One of the nicest guys in Lodi went to heaven the other day. He came to Lodi as a kid with his family and blended in instantly, because he was the kind of kid who was a combination of lots of good things: Among others, he was handsome as the day is long, so that took care of the female contingent, and he was a remarkably gifted athlete, so that made him one of the guys right off the bat.
Well, I say one of the guys, but he wasn’t one of the guys. He was a better ball player than eight out of 10 of us, and he could pitch a baseball through a wooden fence, so that made him special there as well. It didn’t hurt that he was from a whole family of folks who people quickly learned to like.
I’m talking about Ted Case.
Among other things, he was a gifted mason and has had a hand in the construction of hundreds of buildings in the Lodi area and its environs.
Some time ago, one of my 1949 fellow graduates from Lodi Union High School gave me a class picture that was taken on the front steps of the old Lodi High, which became Hutchins Street Square. There were more than 300 of us there, and more than 90 of the people pictured there have already joined Ted in the Lodi in the Sky.
The class was a unique one because we formed so many lifelong friendships and still have reunions on a regular basis. The picture Biff Baffoni gave me is a good one, and it is clear enough so that even an old duffer with nearly 80-year-old eyesight can instantly recognize everyone.
That ain’t the worst of it, however; everyone in that picture has a story to tell, and I can remember way too many of them. As a matter of fact, I know stories that will never make it to this column because I would have to incriminate myself in relating some of them.
For instance, when I worked in the Knoll Family Winery with son Fuzzy and a few other “Niners,” at lunchtime we would wash down the sandwiches our dear mothers fixed for us with sauterne wine. (We were old enough to work in a winery and drink wine but were too young and klutzy to make our own sandwiches and too dumb to drink the good stuff.)
Of course, if our dear mothers knew what we were drinking with those chicken sandwiches, we woulda caught all kinds of heck, and maybe a word or two would have found their way to Fuzzy’s dad, but he had no idea what was going on, either. The ultimate punishment might have been having to work somewhere else, not mention having to make our own sandwiches.
The Class of 1949 was comprised of a wonderful bunch of kids. It would be a simple matter to track down all of those people, and I can guaran-dang-tee ya, there wasn’t a criminal in the bunch. Quite a few of the guys ended up in the service, many went to college, one ended up homeless on the street in downtown L.A., where I saw him one day as a beggar as I was leaving my evening job where I was working my way through school.
(I am being generous with myself; I was a spoiled brat in those days. I was subsidized by my wonderful dad and he made it possible for me to buy a new Austin Healey as a student, because as a student, I was parking cars for a living. The generous people of L.A. tipped me so lavishly, I was able to go to school, live and buy the car of my dreams all at the same time. Thanks, Dad!)

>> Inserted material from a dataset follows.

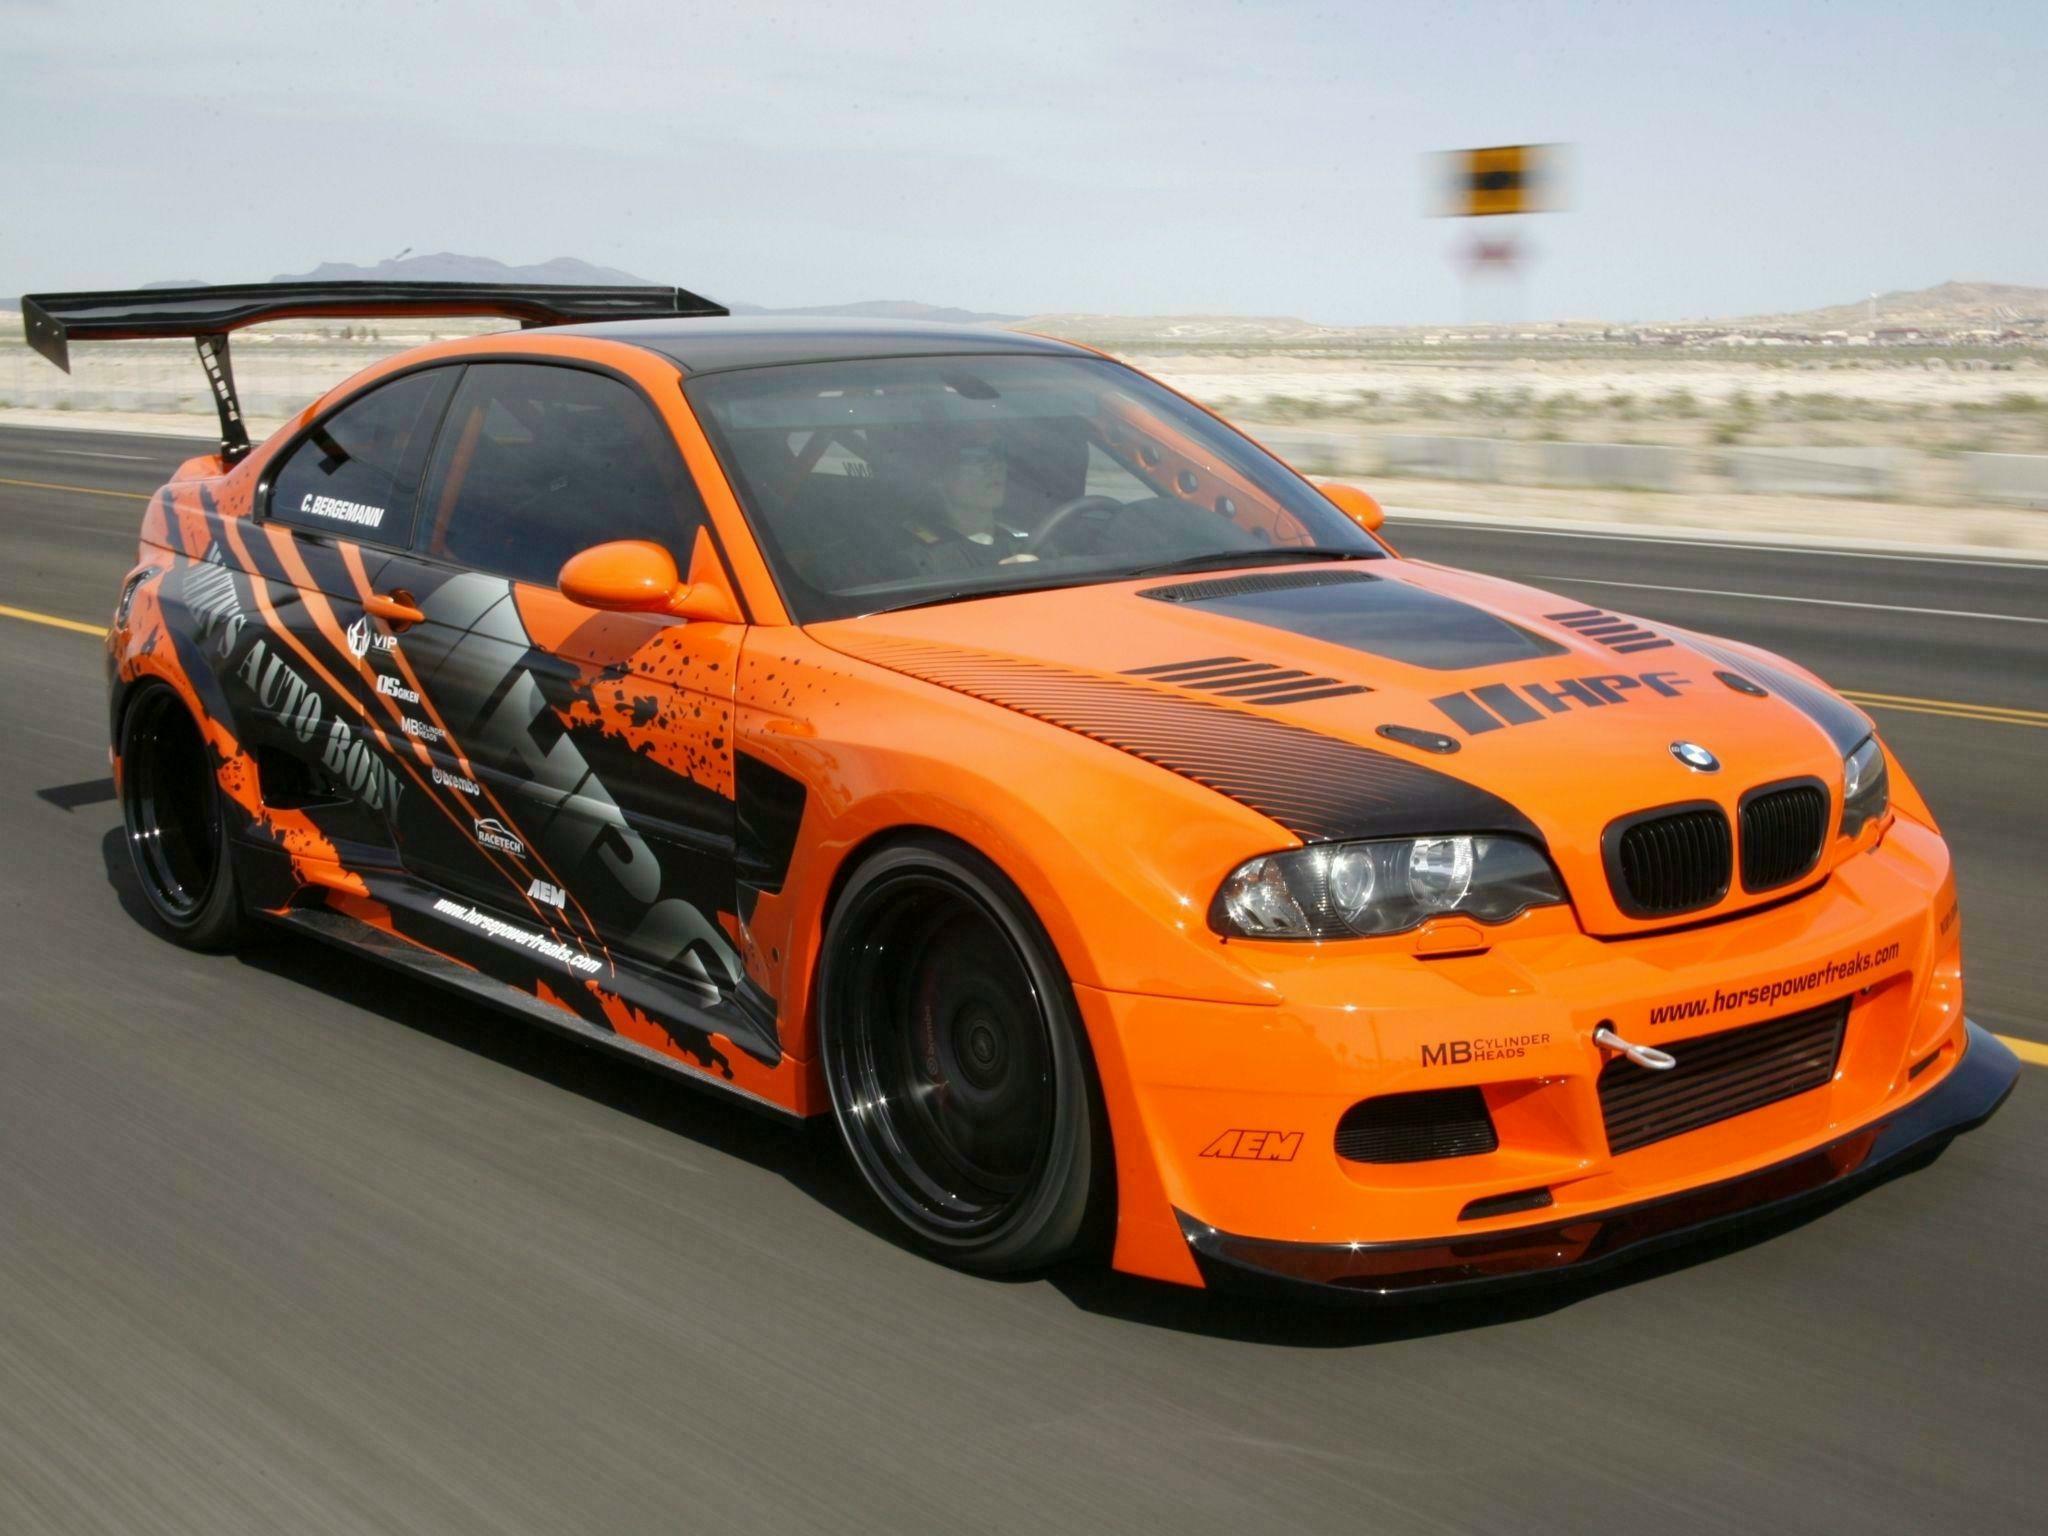 BMW E46 M3 GTR HD Wallpaper and Background Image. Photo

The “livability” of Lodi is borne out by the fact so many of our classmates still call it home.
Lodi High was a marvelous school to attend. We had no-nonsense teachers. The most elegant edifice in Lodi as our home away from home, and we had the coziness that comes from living in a small town.
Gotta tell you a story about Cy Londahl, my English teacher at LUHS. He wore a suit and tie to school every day. He had a slightly rowdy history as a student in college. (There was a rumor circulating about his allegedly riding a Harley in the halls of his college — a feat that endeared him with the guys in school because years later, they would lie and say it was them that broke the law — guys lie like that all the time. It’s a boy thing, don’t ask me to explain it.)

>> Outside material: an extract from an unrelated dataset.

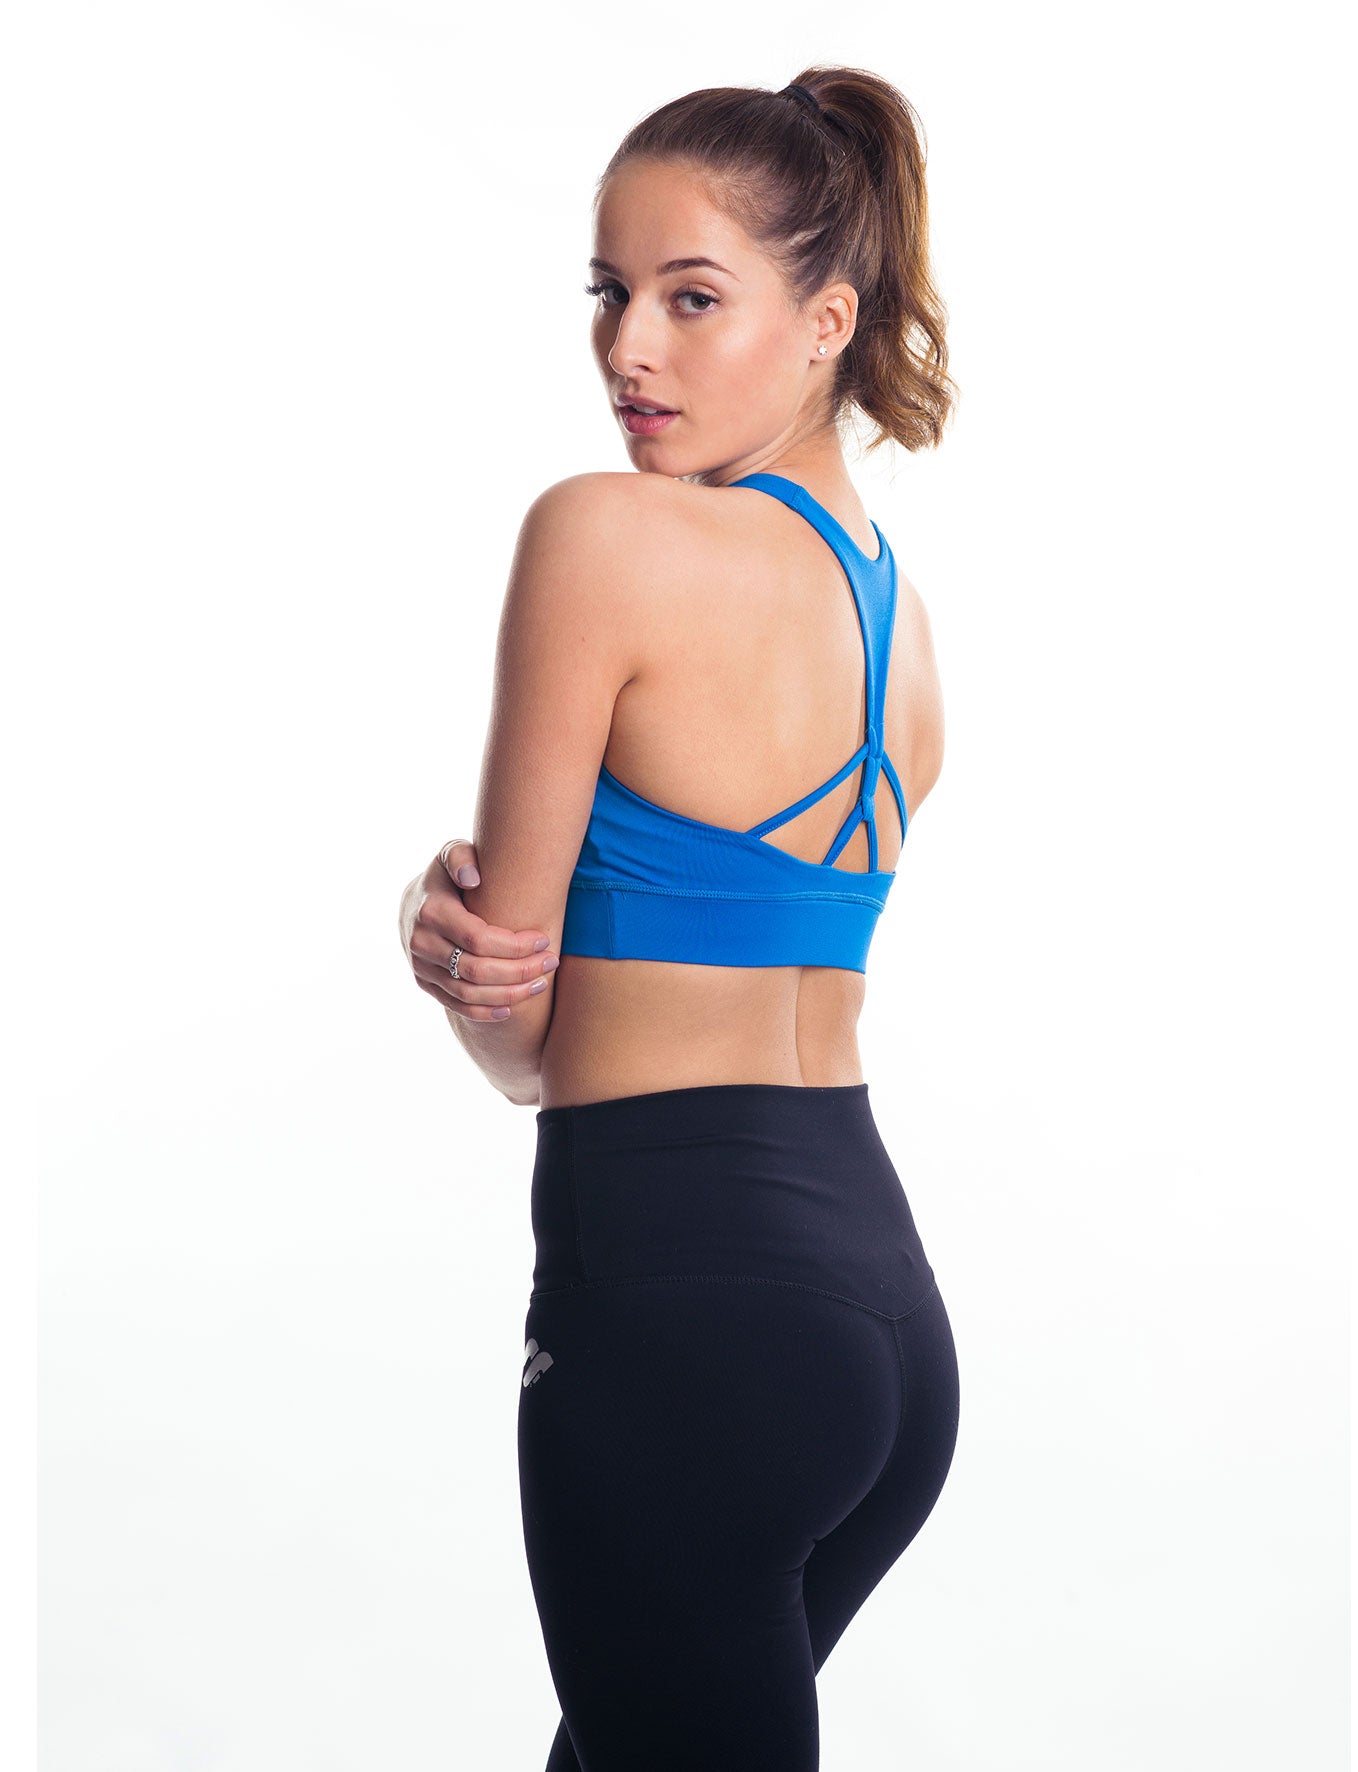 Xersion High Impact Racing Blue Sports Bra Medium - $23 New With Tags -  From Tiffany

Mr. Londahl gave his classes a 100-word spelling test on the first day of the semester. I happened to get 99 right. It was a no-grade test, he just wanted to know where we were as regarded spelling,
Halfway though the year, he gave us the same test again. I got another 99, but I missed the same word. That resulted in an F grade and a lecture because Mr. Londahl blamed himself. He said, “You have been in this class for half the year and you haven’t learned a thing, not one word. I am taking the blame for that as I have failed you.”
Well, he didn’t fail in embarrassing me and I didn’t stop blushing for days. He ended up being my favorite teacher. I will always remember the word as long as I live. It was ... rats, I forgot. (It was phlox.)